▶ EXERCISE DETAILS: Write out the listing below character for character, though without its pictures.

▶ RECORDED DATA:
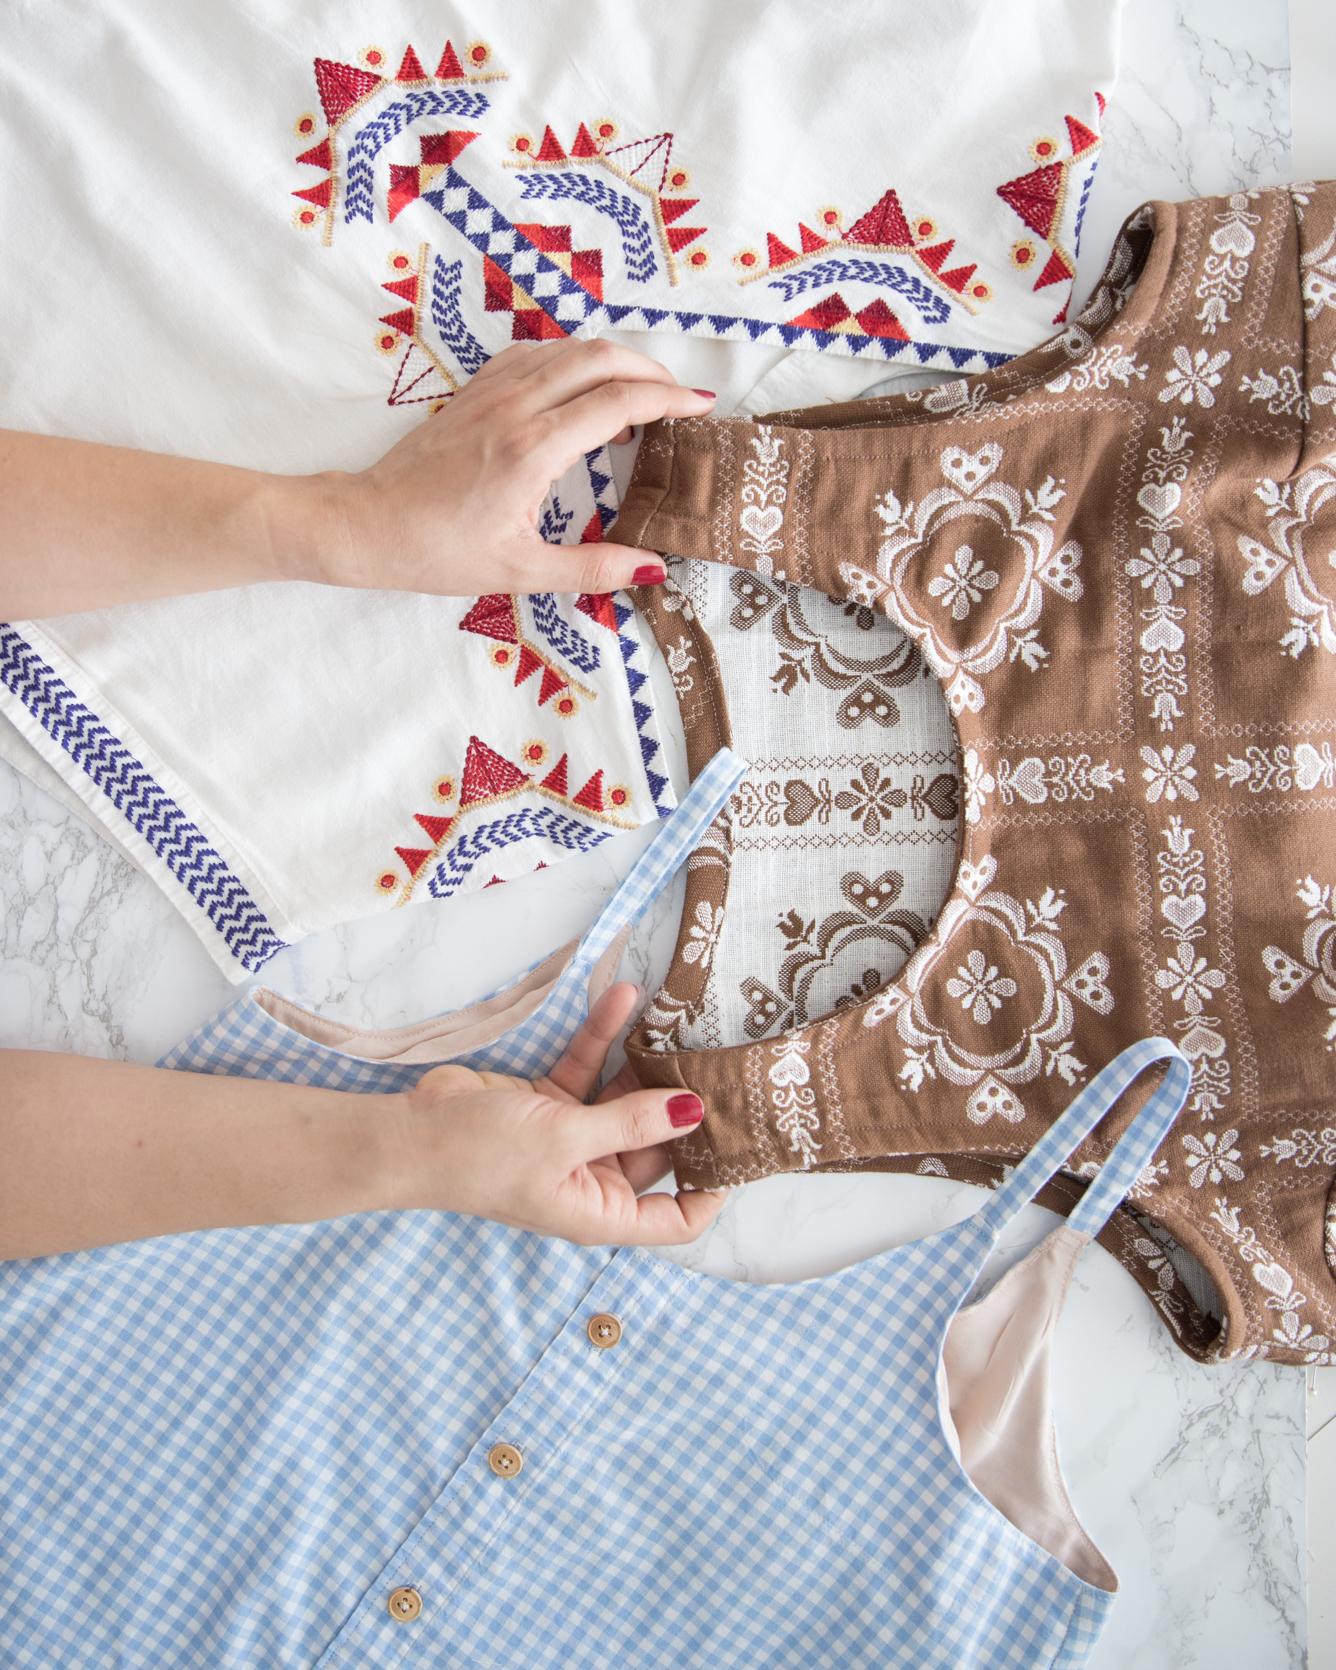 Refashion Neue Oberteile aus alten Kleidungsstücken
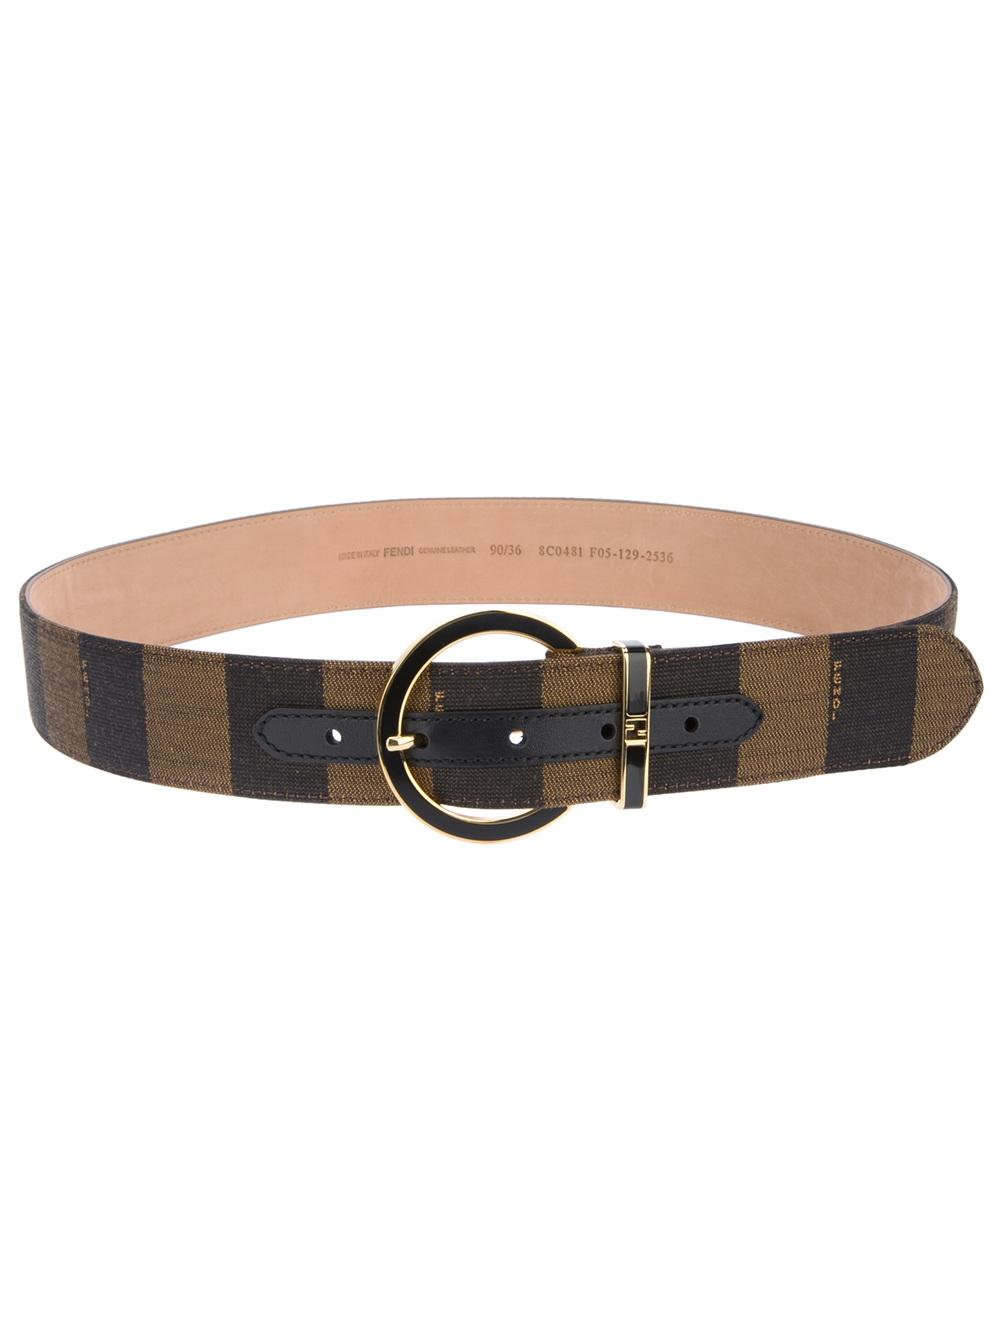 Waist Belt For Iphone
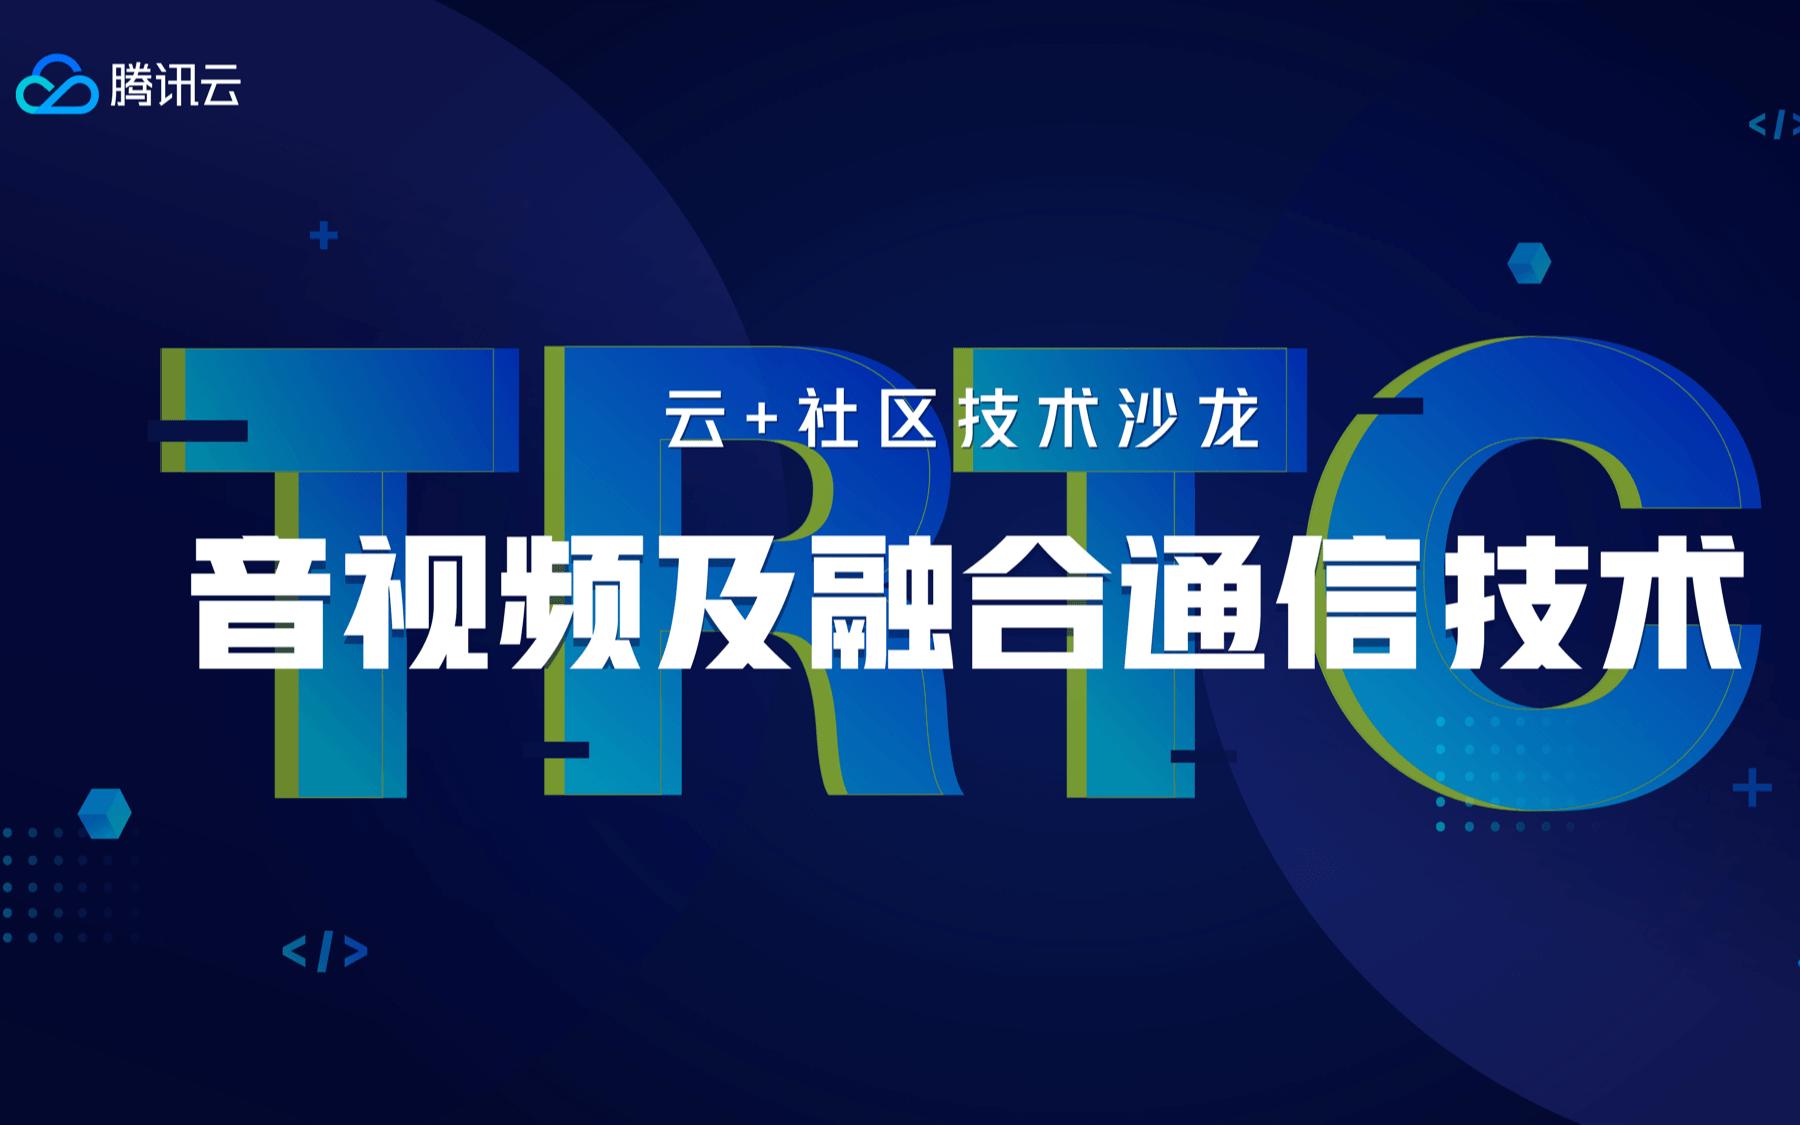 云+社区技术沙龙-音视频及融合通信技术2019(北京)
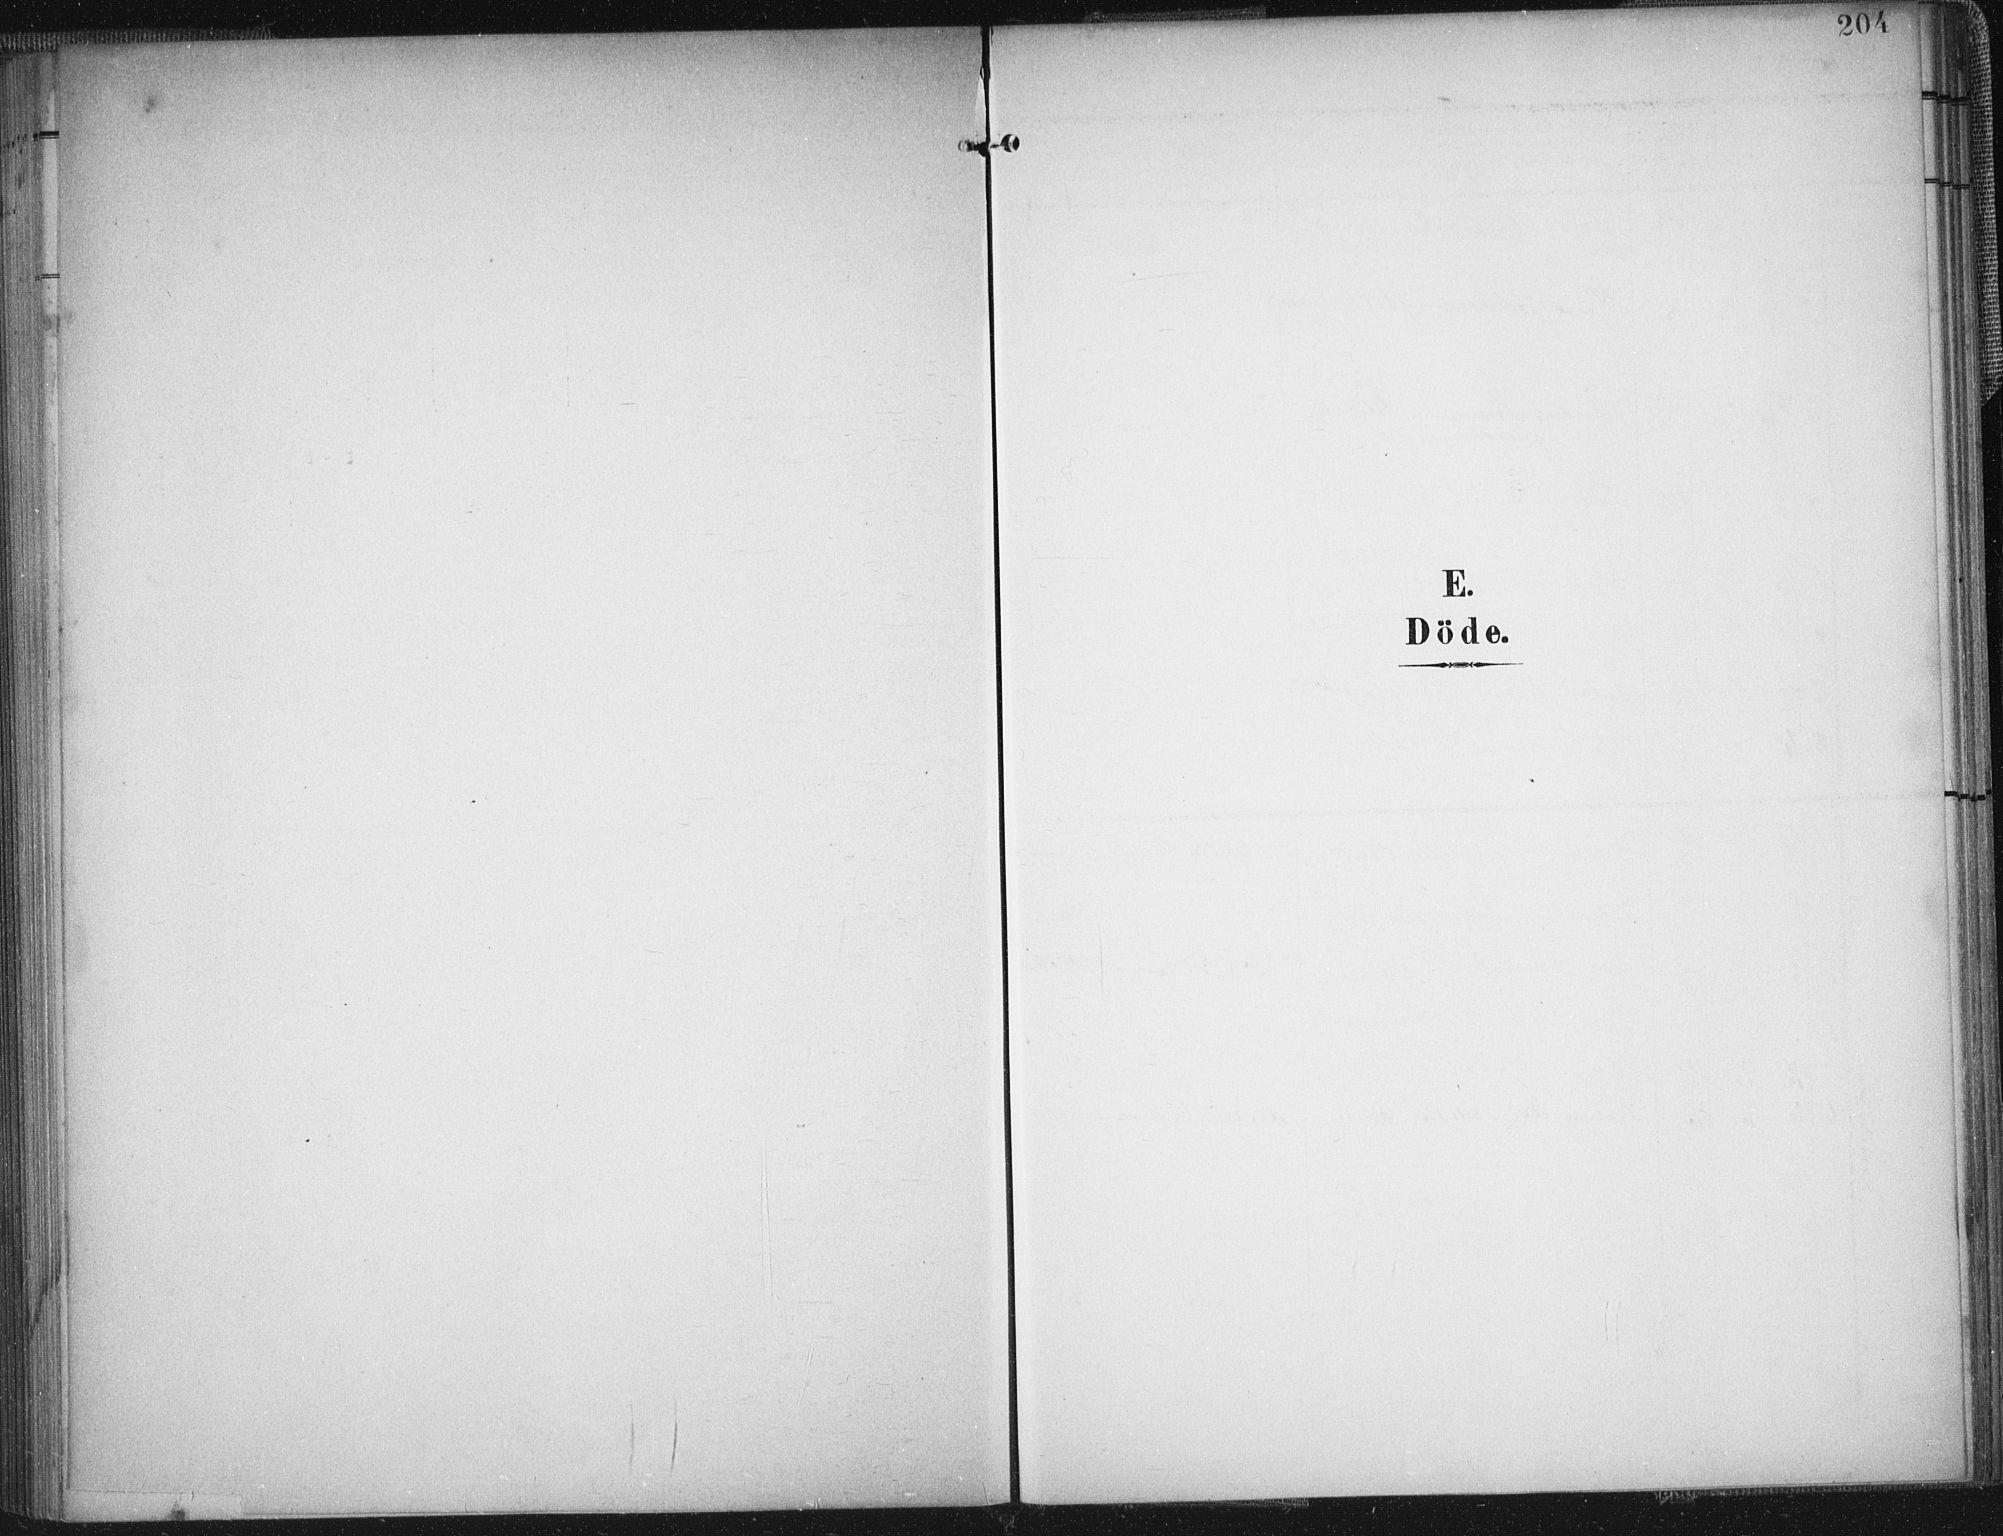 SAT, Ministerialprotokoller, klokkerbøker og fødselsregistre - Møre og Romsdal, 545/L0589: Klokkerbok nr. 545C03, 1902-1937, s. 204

▶ RESPONSE BELOW:
 Refashion Neue Oberteile aus alten Kleidungsstücken
 Waist Belt For Iphone
 云+社区技术沙龙-音视频及融合通信技术2019(北京)
 SAT, Ministerialprotokoller, klokkerbøker og fødselsregistre - Møre og Romsdal, 545/L0589: Klokkerbok nr. 545C03, 1902-1937, s. 204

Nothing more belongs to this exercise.